Engagement with practitioners present us with further challenges. Building and maintaining good relationships with the business community is essential. Doing so ensures we are teaching up-to-date material, enhances student employment opportunities, and creates access to research subjects, student project sites, and/or guest speakers. But there are serious tensions we shouldn’t ignore. In addition to the earlier noted pressure to narrowly tailor our curricula to train “plug and play employees,” we may feel the pressure to escape “ivory tower” criticisms by shaping our research agendas to be more “relevant” to the immediate interests of practitioners.6 I received a stark reminder of the distance between academics and industry when attending an enormous (6-7k attendees) annual conference with a faculty colleague who had spent several decades as a corporate executive. Flipping through the program, he shared his opinion that there was almost nothing offered (1000+ sessions) that would have any appeal to a working professional. Later, we shared a laugh when we noticed the title (and spirit of humility) of one symposium: “What if The{Title of the Association Sponsoring the Conference} Actually Mattered to Business-People?” As a discipline that has struggled to gain legitimacy in the wider academy, business research has had to become more abstract, theoretical, and less “applied.” But in so doing, it is more readily dismissed as “academic” by practitioners. As a result, there has been much recent discussion about ways to make business scholarship more practical.7

There could be much to gain from tilting our research toward the concerns of practitioners. However, even if tenure and promotion expectations to publish in non-practitioner-friendly (“highly ranked”) journals could be changed, my concern is that the interests of businesspeople will reflect the still-dominant profit maximization orthodoxy. Thus, more “applied” research may further ensure the prevalence of studying the effects of specific models, practices, or techniques on profit. As a consequence, there may be less space to integrate the concerns of faith and/or pursue lines of inquiry that are shaped by the aspirations in our mission statements. The challenge of publishing research that is accepted by high-quality journals and that is influential to practitioners who make the decisions that shape business as an institution is big enough. Adding the concerns of faith into the mix makes the task feel nearly impossible.

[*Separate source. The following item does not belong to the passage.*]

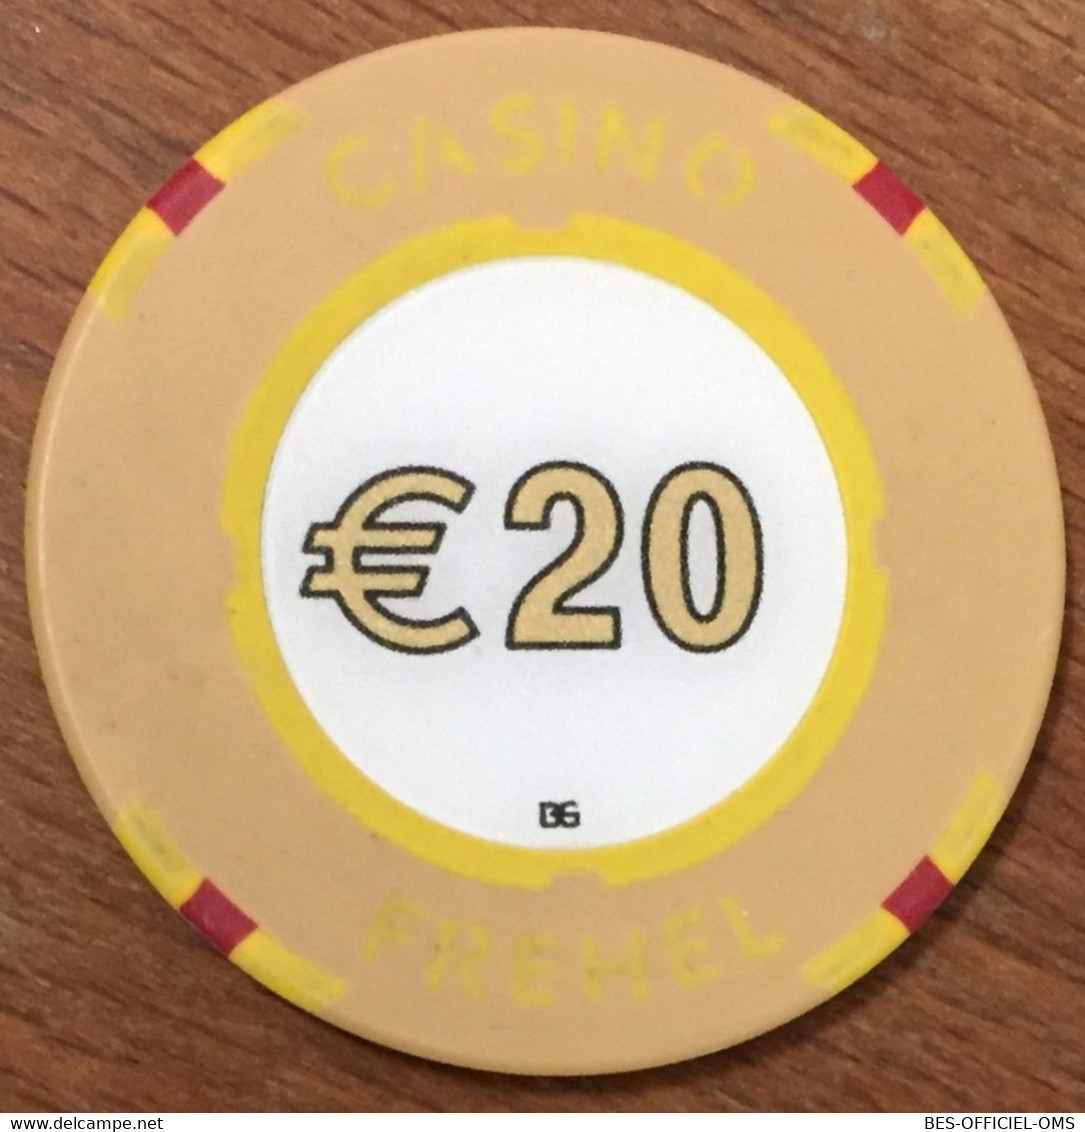 22 FREHEL CASINO JETON DE 20 EUROS CHIP COINS TOKENS GAMING - Casino

Another long-standing challenge to business faculty is our uneasy fit within our institutional homes. We seem to be frequent recipients of grumbling from colleagues in other disciplines. Business is often the largest major on campus (and may still be growing) while other departments (especially in the humanities) are experiencing declines. As business faculty, we have enjoyed more robust (“sellers”) job markets, are often better resourced and are rarely threatened by the blade of the budget ax. These factors likely contribute to making us easy targets for criticism.8

We also deal with doubts about the intellectual credibility of our discipline. This can come across subtly: questions about why expensive PhD level faculty are even necessary to “train” students in “technical skills,” under-representation in influential roles and committees, and exclusion from general education and honors program curricula. I’ve also heard the sentiment expressed directly. During the pre-fall retreat of my very first year on faculty, an otherwise friendly colleague from another department said, “Dr. X (a past senior administrator) wasn’t a real academician. He had a doctorate – but it was in Business or Education or a field like that.”

These kinds of encounters tend to make us feel defensive and may lead us to view ourselves as competitors rather than collaborators. Yet, the goal of developing leaders who will change business cannot be achieved from within our discipline alone. Our work is very much dependent upon the health of our institutions and is interdependent with the work of other academic units. The arts, humanities, sciences, and theology all represent gifts of common grace and are needed for the formation of the hearts and minds of students.

Given these challenges, how might we move forward faithfully? I believe that the best starting point is framing our work the same way we are encouraging students to live into theirs, as a “vocation.” In practical terms, this means taking the posture that our teaching, scholarship, and community engagement activities represent intentional participation in God’s mission (‘Missio Dei’) of redeeming all things. Our work then, should aim to shape students, businesspeople, and institutions to serve God and neighbor. In the remainder of this essay, I will sketch some of the implications of what this could look like across our major tasks.

Teaching

Business reflects God’s creativity when it innovates, God’s providence when it supplies life-enhancing goods and services, and God’s beneficence when it creates and supports employment that is meaningful and developmental.9 Thus, we, can in good conscience prepare competent accountants (who ensure the integrity of information necessary to make an economy work), finance professionals (who make the resources necessary for value creation and/or help people steward their money) and marketing analysts (who help understand the needs of customers and refine products accordingly).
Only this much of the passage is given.